Linux: via Docker with NPU#

docker run -d --rm --device /dev/accel --group-add=$(stat -c "%g" /dev/dri/render* | head -n 1) -u $(id -u):$(id -g) \
  -p 8000:8000 -v $(pwd)/:/workspace/ openvino/model_server:latest-gpu --rest_port 8000 --config_path /workspace/models/config_all.json

Set Up Visual Studio Code#

Download Continue plugin#

search_continue_plugin

Setup Local Assistant#

We need to point Continue plugin to our OpenVINO Model Server instance. Open configuration file:

setup_local_assistant

Add both models.
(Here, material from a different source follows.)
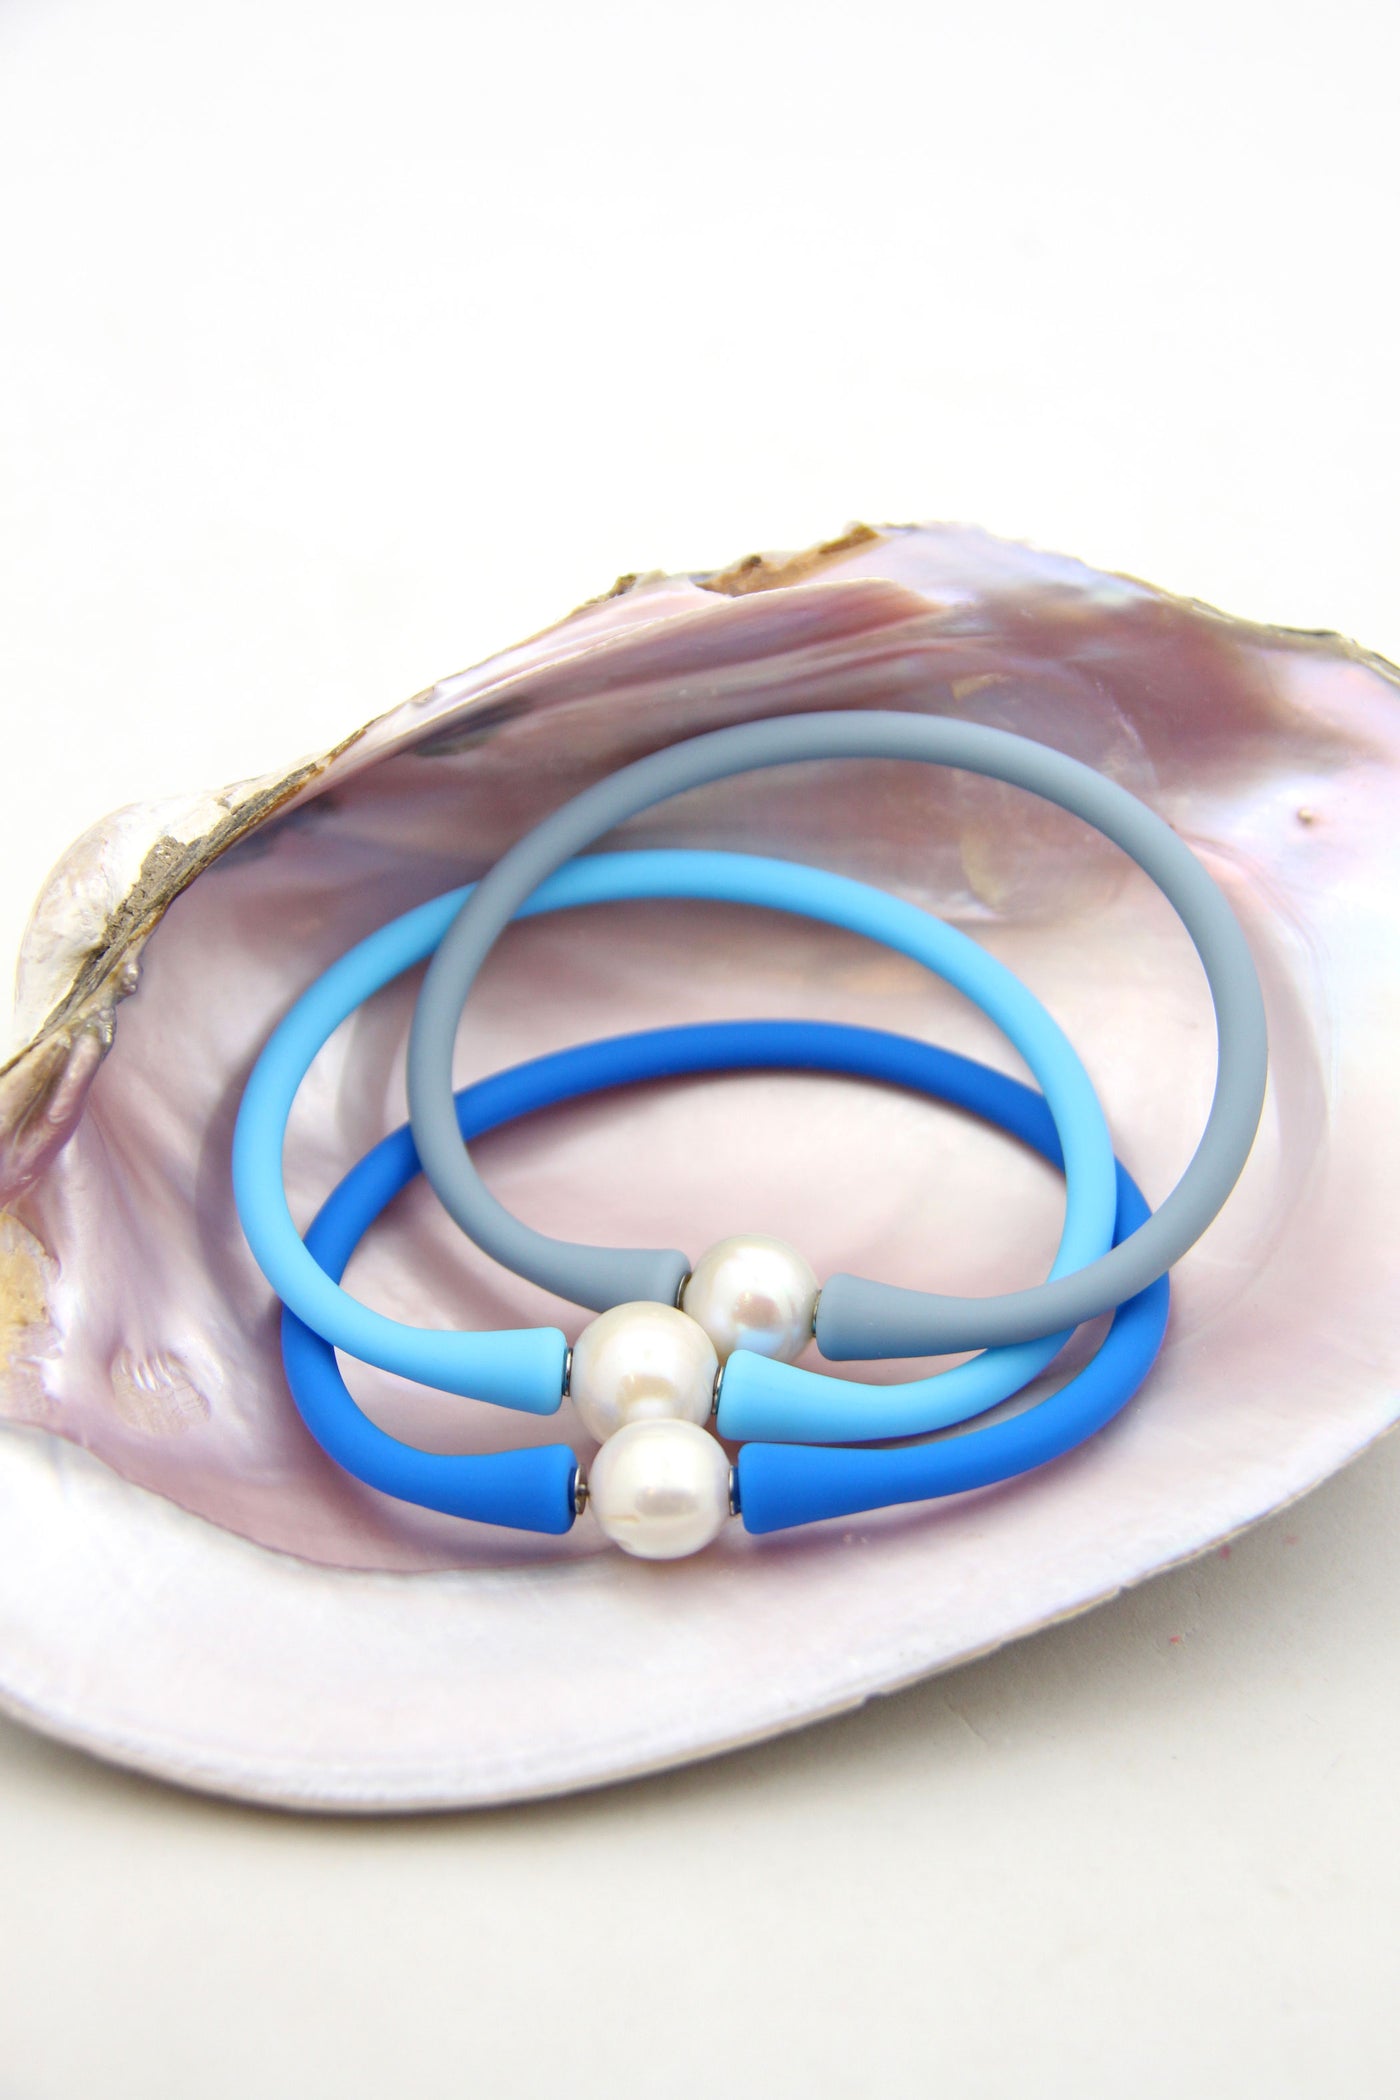 Splash Bracelet Set: Blue Silicone & Pearl Waterproof Bangles, Mermaidcore Jewelry

Specify roles:

name: Local Assistant
version: 1.0.0
schema: v1
models:
  -
    name: OVMS CodeLlama-7b-Instruct-hf
    provider: openai
    model: codellama/CodeLlama-7b-Instruct-hf
    apiKey: unused
    apiBase: http://localhost:8000/v3
    roles:
      - chat
      - edit
      - apply
  - name: OVMS Qwen/Qwen3-8B
    provider: openai
    model: OpenVINO/Qwen3-8B-int4-ov
    apiKey: unused
    apiBase: http://localhost:8000/v3
    roles:
      - chat
      - edit
      - apply
    capabilities:
      - tool_use
    requestOptions:
      extraBodyProperties:
        chat_template_kwargs:
          enable_thinking: false
  -
    name: OVMS Qwen2.5-Coder-1.5B
    provider: openai
    model: Qwen/Qwen2.5-Coder-1.5B
    apiKey: unused
    apiBase: http://localhost:8000/v3
    roles:
      - autocomplete
context:
  - provider: code
  - provider: docs
  - provider: diff
  - provider: terminal
  - provider: problems
  - provider: folder
  - provider: codebase

Chatting, code editing and autocompletion in action#

  • to use chatting feature click continue button on the left sidebar

  • use CTRL+I to select and include source in chat message

  • use CTRL+L to select and edit the source via chat request

  • simply write code to see code autocompletion (NOTE: this is turned off by default)

final

AI Agents in action#

Continue.dev plugin is shipped with multiple built-in tools. For full list please visit Continue documentation.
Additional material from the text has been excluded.